Humphries’ opposition did not dispute nor address the University’s allegation that he surreptitiously misappropriated a copy of the Investigative Report.

In the reply filed by the University, it contested Humphries’ assertion that the OSMPR was a “law enforcement unit,” noting that pursuant to FERPA, a law enforcement unit is “an office ‘such as a unit of a commissioned police [officers] or non-commissioned security guards’ that is ‘officially authorized’ by a school to enforce the law or ‘[m]aintain the physical security and safety of the agency or institution.’”  The University characterized Humphries’ argument on this point as a “strawman,” as the University was not arguing that it was prohibited by FERPA from disclosing those records. The University pointed out that, “the mere fact that Congress ‘has concerns about maintaining the confidentiality of’ educational records supports that there is a legitimate privacy interest in those records” sufficient to justify the entry of a protective order shielding the dissemination of those documents outside of the litigation process.  Moreover, the University argued that Humphries ignored relevant precedent which “makes clear that documents created and collected in the course of the University’s investigation into allegations of sexual assault should be protected from unfettered disclosure.” As set forth in its Reply, the University rejected Humphries’ sundry arguments regarding the alleged overbreadth of its proposed order.

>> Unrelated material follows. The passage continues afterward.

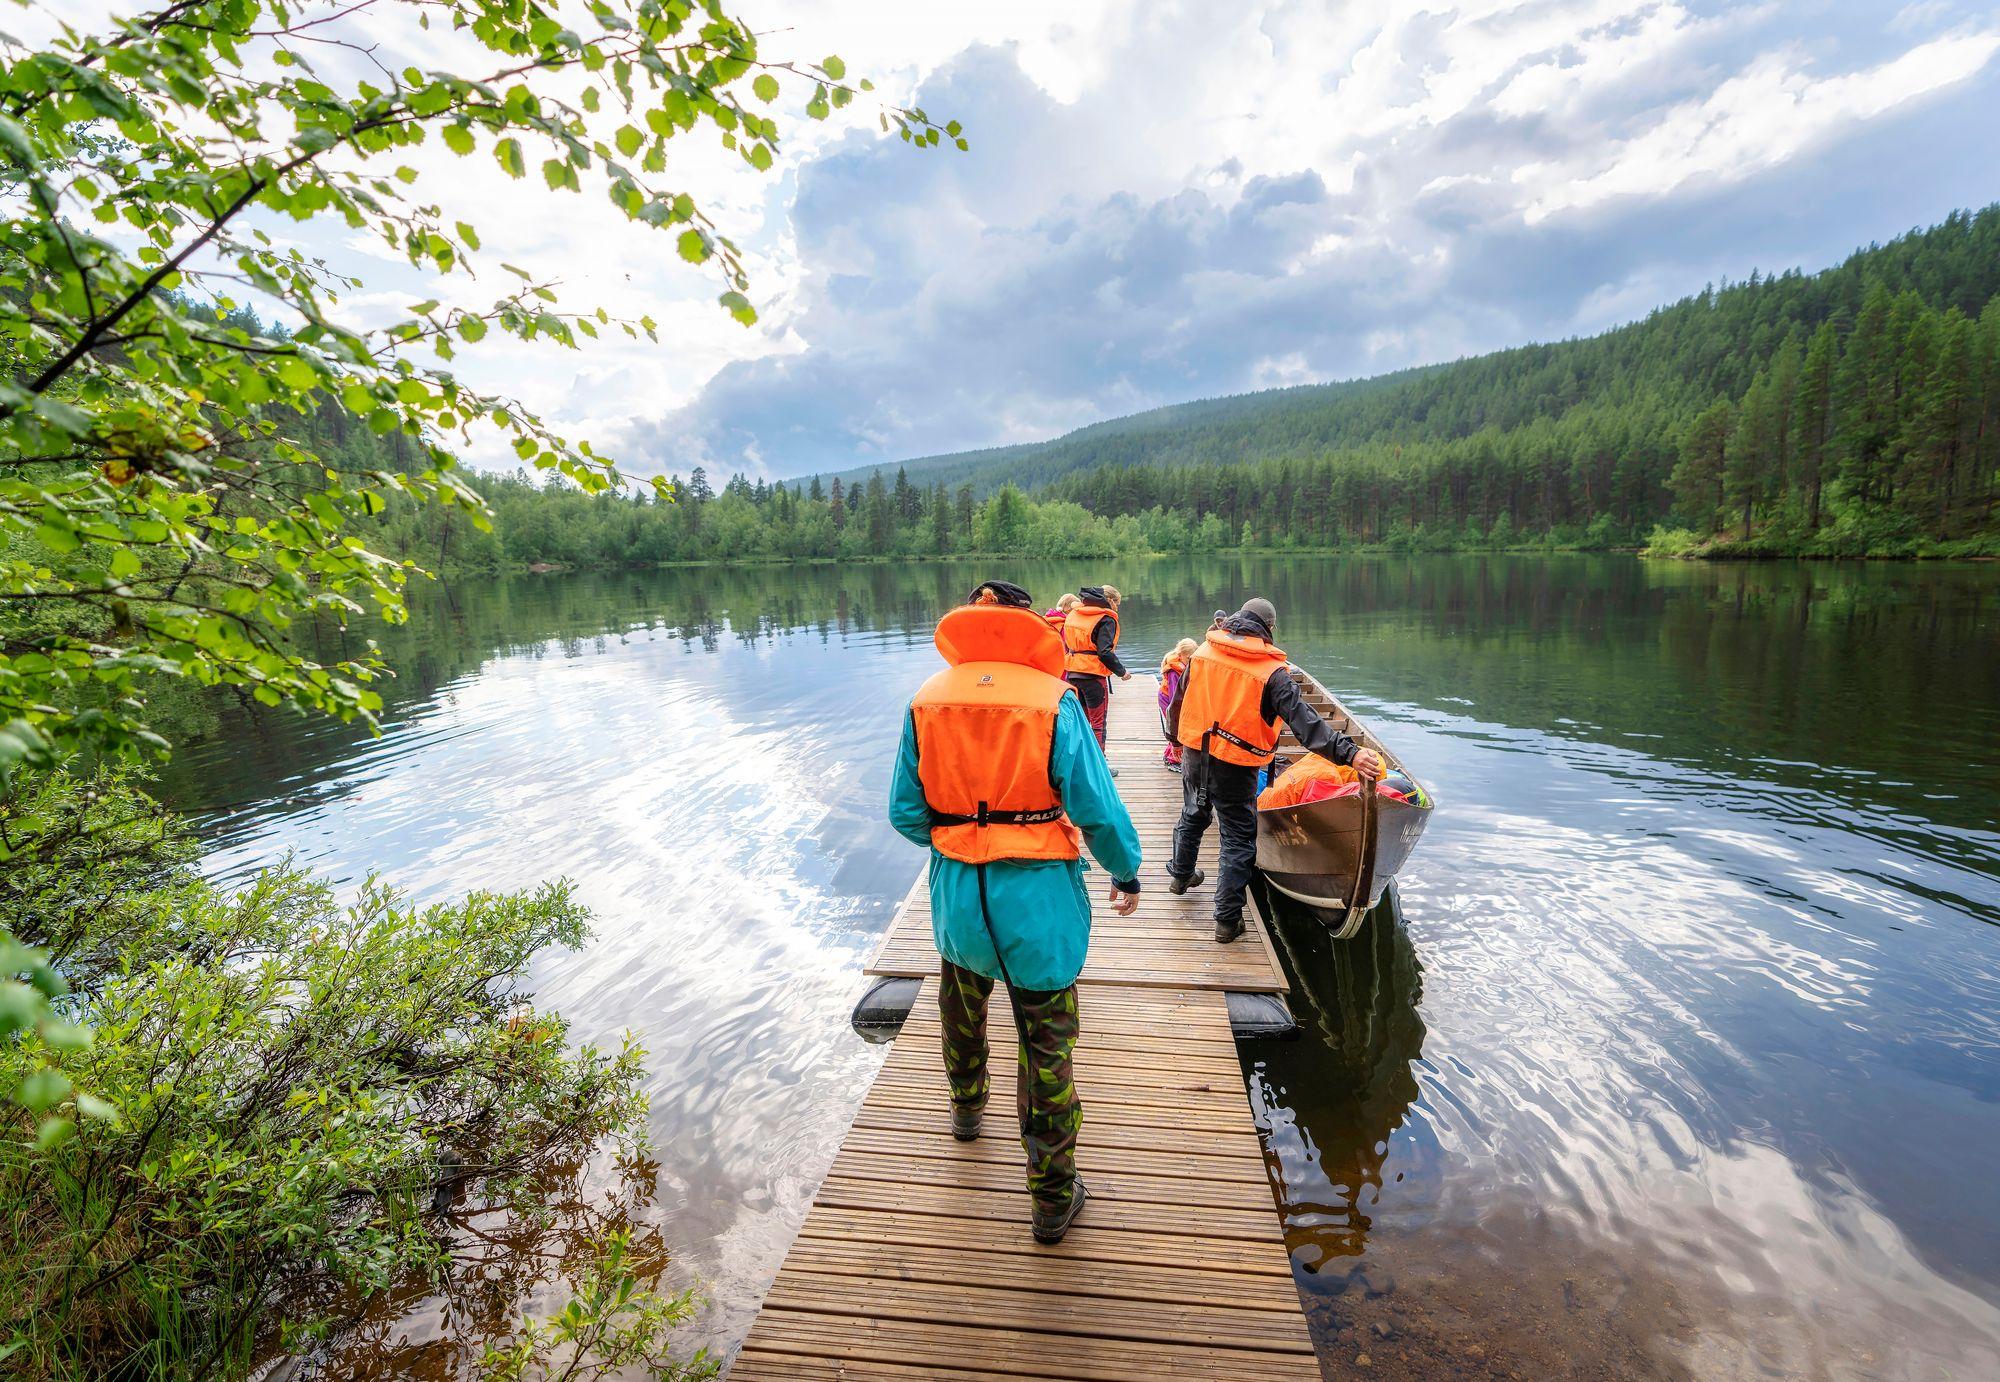 Jokikyydin aikana kannattaa varautua useampaan kävelytaukoon. © Juha Kauppinen

District Court Grants the University’s Motion

On August 4, 2022, Judge Brann granted the University’s motion for a protective order. In doing so, the court acknowledged that the OSMPR’s investigation went “well-beyond” the alleged interactions between Humphries and Barber, noting that the investigative materials sought by Humphries included “statements that were made by students, about other students [which] brings them within the ambit of [FERPA], notwithstanding Humphries’ attempt, through bare assertions, to transform the University’s [OSMPR] into a law enforcement agency, which would render them unprotected by the Act.” In its order, the court rejected Humphries’ “public interest” argument, noting that the pending litigation “now involves just two private litigants” and observing “the public arguably has a lesser interest in a partially publicly funded University than it does in its city government or police department.” The Court was unpersuaded by Humphries’ objections to the scope of the University’s proposed order and, instead, adopted the University’s proposed order in full.

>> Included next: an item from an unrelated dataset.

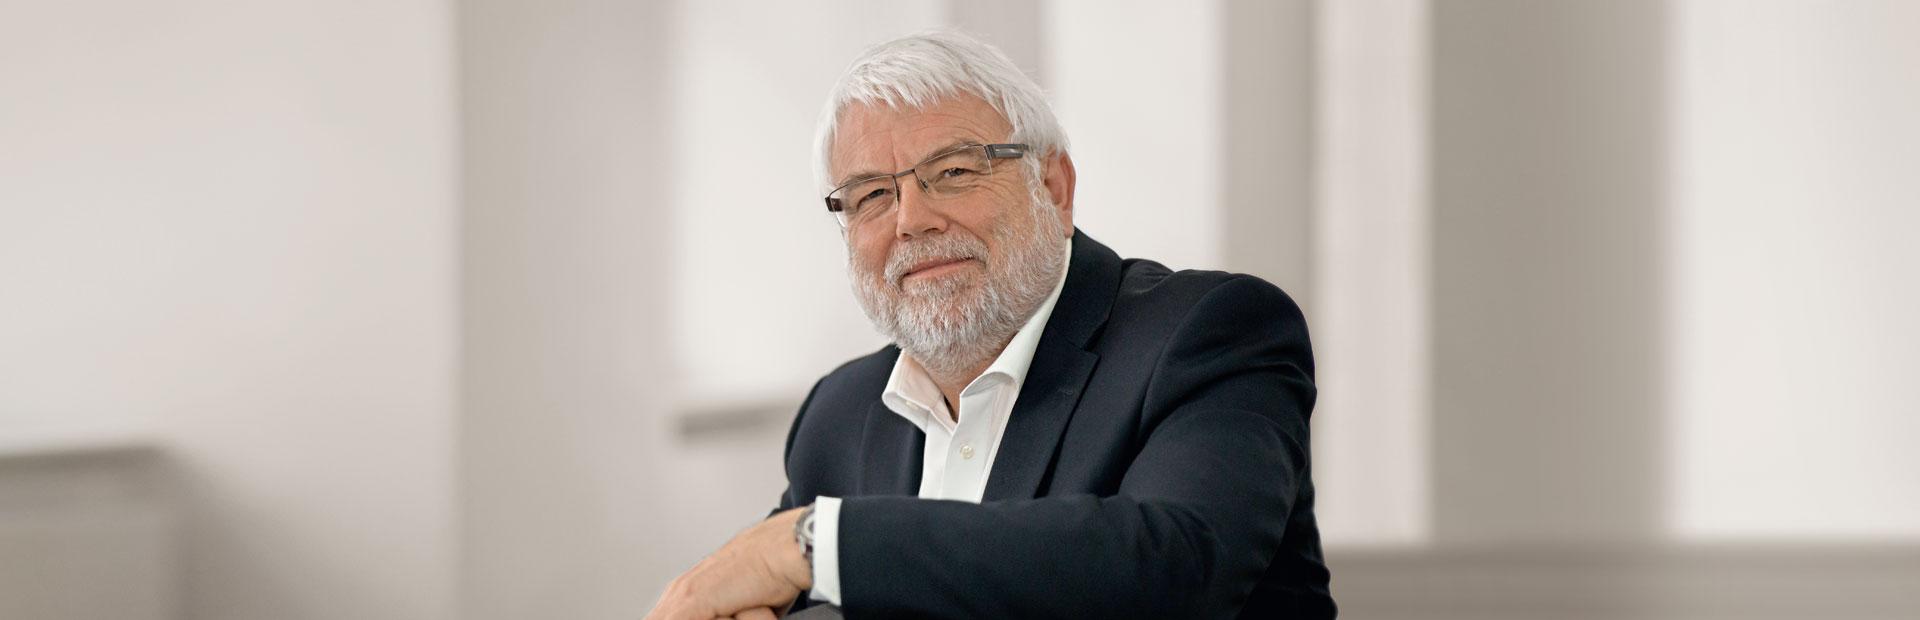 Martin Güll

The claims brought by Humphries (who left Penn State to play for the University of California, and now plays for the University of Louisiana at Monroe) against Barber (who transferred to Austin Peay State University and is now finishing his college football career at Marshall University) remain pending. Discovery in the matter is set to close by February 7, 2023, with a final pretrial conference scheduled for September 26, 2023.

Client Tip

Institutions should continue to be mindful of maintaining the confidentiality of Title IX investigative materials and reports. They should also be cognizant of the potential for such materials being disclosed in subsequent litigation and be prepared to take necessary steps to protect the privacy interests of non-party students, most significantly, protections afforded under FERPA.